Раскрасневшийся Джимми, как и он сам, явно нуждался в воздухе. Не совсем твердо он сел в кресло и уставился на Марс. Потом сокрушенно покачал головой.

— Большой какой-то, — сказал он, ни к кому не обращаясь.

Гибсон с ним не согласился:

— Меньше Земли. И вообще ваше замечание бессмысленно. Большой по сравнению с чем? Какой он должен быть, по-вашему?

Джимми долго думал.

— Не знаю, — печально сказал он. — А все-таки он слишком большой. Тут все слишком большое.

Беседа заходила в тупик. Гибсон решил изменить тему:

— Что вы думаете делать на Марсе?

— Ну, поброжу по Порт-Лоуэллу, выйду наружу, посмотрю пустыни. Хотелось бы немножко поисследовать.

Гибсону это понравилось; но он знал, что для мало-мальски ценного исследования Марса нужны и снаряжение, и опытные спутники. А Джимми вряд ли удастся попасть в научную экспедицию.

— Я вот что придумал, — сказал он. — Кажется, они должны мне показывать все, что я захочу. Попробую организовать поход-другой в неисследованные районы. Пойдете со мной? Может, наткнемся на марсиан.

Эту присяжную шутку повторяли с тех самых пор, как первые космолеты принесли печальную весть об отсутствии марсиан. Однако многие еще надеялись разыскать разумную жизнь в неисследованных районах планеты.

— Да, — сказал Джимми. — Вот было бы здорово! И никто мне не может запретить. На Марсе я делаю, что хочу. Так в контракте написано.

Он сказал это воинственно, словно бросил вызов начальству, и Гибсон благоразумно промолчал.
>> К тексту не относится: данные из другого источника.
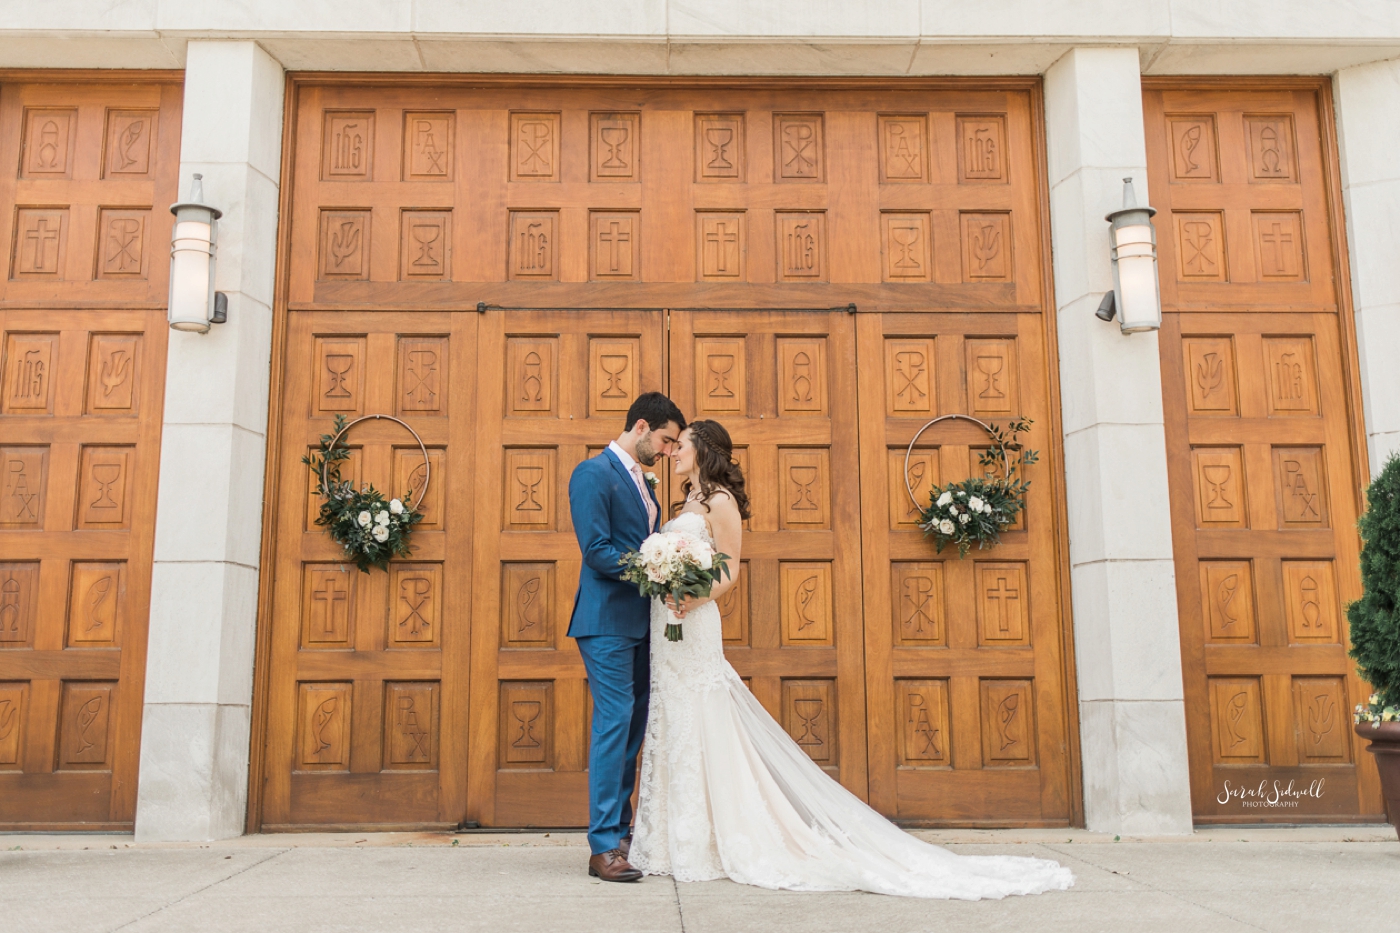 A groom kisses his bride in front of large wooden doors. 
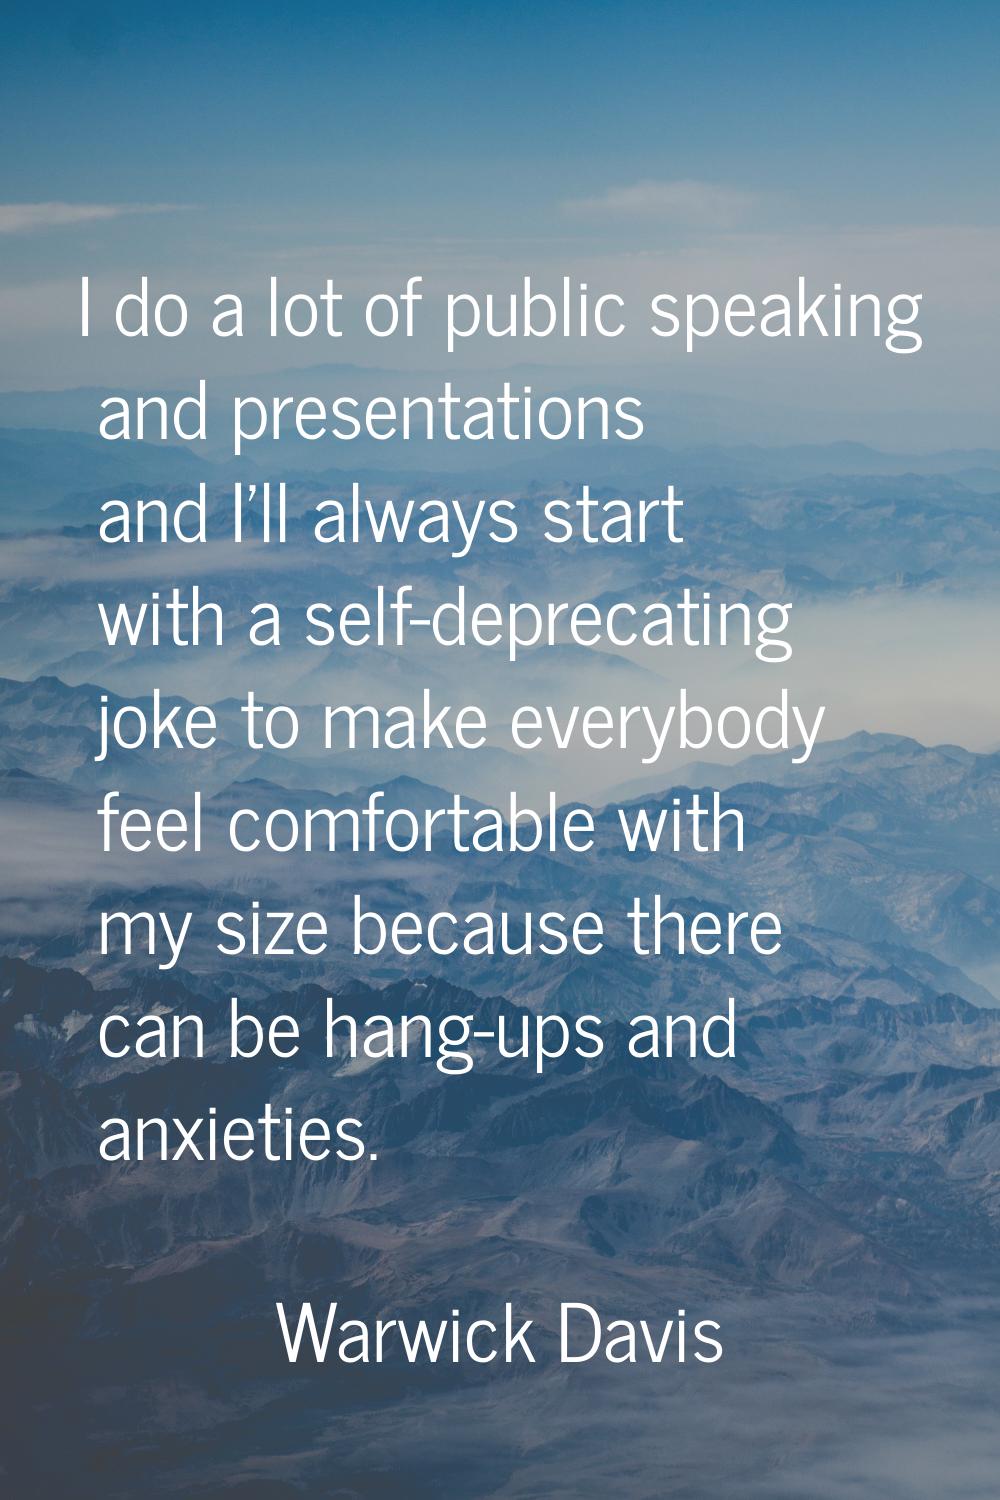 I do a lot of public speaking and presentations and I'll always start with a self-deprecating joke

Молчали они несколько минут. Потом очень медленно Джимми поплыл вдоль искривленной стены. Гибсон поймал его и прикрепил ремнями — в сущности, Джимми мог спать и здесь. У Гибсона уже не было сил тащить его в каюту.

«Интересно, правда ли, что наша сущность проявляется только во сне?» — думал Гибсон. Спящий Джимми выглядел на редкость мирно и кротко; а может, его просто красил алый свет Марса? Гибсон все же надеялся, что это не обман зрения. Ведь не случайно Джимми его разыскал. Конечно, сейчас он не отвечает за свои действия и наутро, может быть, все забудет... Нет, решил Гибсон, Джимми захотел — пусть еще не совсем сознательно — дать ему возможность исправиться.

Он, Гибсон, — на испытании.

**
*

Когда наутро Гибсон проснулся, у него нестерпимо звенело в ушах. Он побыстрей оделся — звенело так, словно «Арес» разваливался на куски, — и выбежал в коридор. Там он наткнулся на Маккея, и тот на ходу крикнул ему: «Ракета прибыла! Бегите скорей!»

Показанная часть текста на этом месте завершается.